Figure 2. Trends in temperature and precipitation over the period 2010-2020.
3.2. Trends and variations in water quality
The variation of water quality parameters exhibited a decreased trend from 2010 to 2020, reflecting improved water quality.
The mean concentration of CODMn was 2.87 mg/L and the highest values in 2011(3.47 mg/L). CODMn showed a decreasing trend since 2011, with the lowest value in 2018 (2.06 mg/L) (Figure 3a).Mean concentration of COD was 12.75 mg/L. The mean concentration of COD exhibited a decreasing trend since 2013(14.89 mg/L), with the lowest value in 2018 (9.69 mg/L) (Figure 3b).The mean concentration of BOD5 was 2.33 mg/L, which increased from 2010 to the highest value in 2013 (3.21 mg/L), and then began to decrease, reaching the lowest value in 2020 (1.36 mg/L)(Figure 3c).The mean concentration of NH3-N was 0.33 mg/L. NH3-N showed a decreasing trend since 2011, with the lowest values in 2020 (0.14 mg/L) (Figure 3d). The mean concentration of TP was 0.08 mg/L and showed a decreasing trend since 2012, with a minimum of 0.06 mg/L in 2018(Figure 3e).The mean concentration of F– was 0.44 mg/L with a decreasing trend from 2011 and a minimum of 0.32 mg/L in 2019(Figure 3f).
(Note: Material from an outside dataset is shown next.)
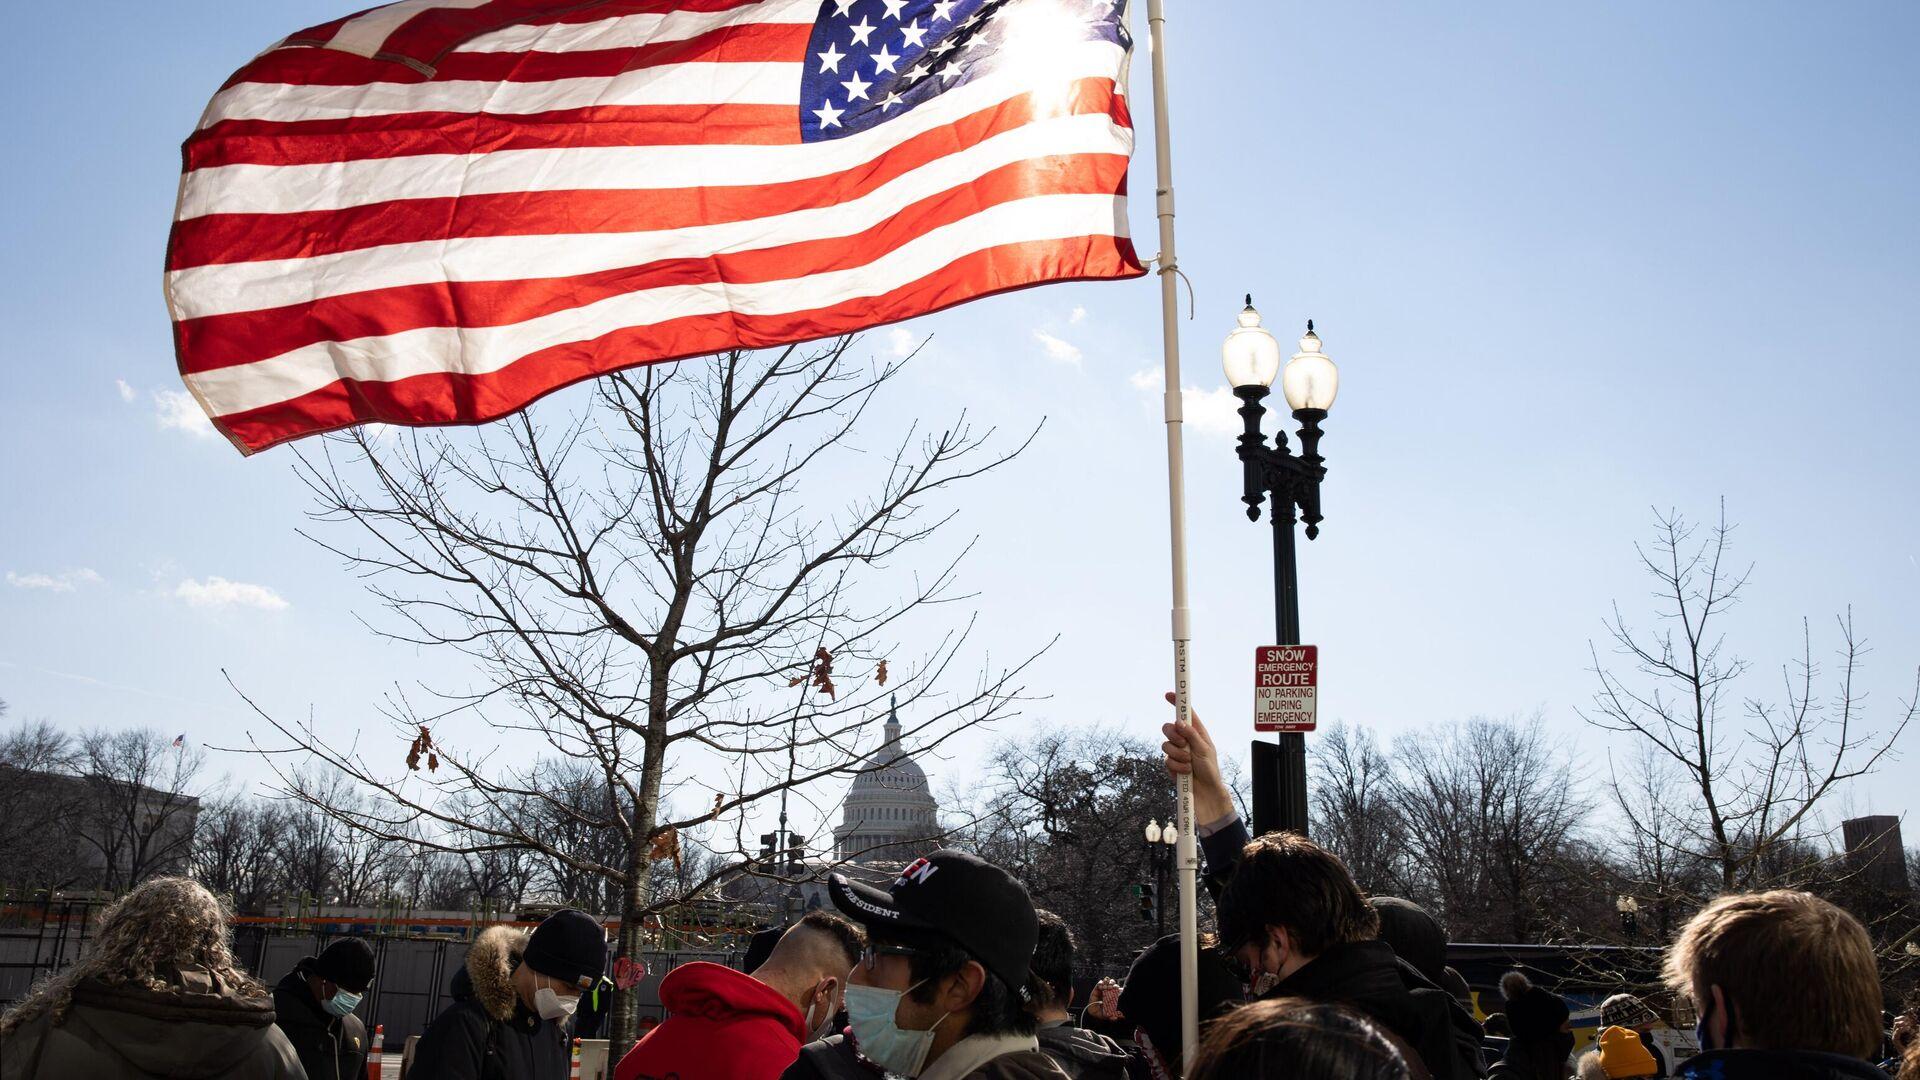 Американский флаг возле здания Капитолия США во время инаугурации избранного президента Джо Байдена - РИА Новости, 1920, 11.02.2021

Figure 3. Interannual variation of Water quality parameters and runoff in the IM-YRB
From the results of water quality evaluation, the worst year of water quality in the Yellow River Basin during this study period is 2015, with a WQI value of 54.01, in medium status. the water quality was significantly improved since 2015, and the proportion of water quality in excellent status increased year by year, and the WQI reached the maximum value (80.30) in 2020(Figure 4).
| (a) | (b) |
Figure 4. Annual water quality index (WQI) from 2010 to 2020 (the straight line indicates the trend line) in the IM-YRB.(a) Annual water quality index (WQI); (b) Water quality classification from 2010 to 2020.
3.3. Spatial variation of water quality
The spatial variation of water quality parameters at different river systems within the IMYR is shown in Figure 5. Using one-way ANOVA, the spatial changes in water quality parameters among the river systems in the IMYR were statistically significant (p < 0.05) (Table 2).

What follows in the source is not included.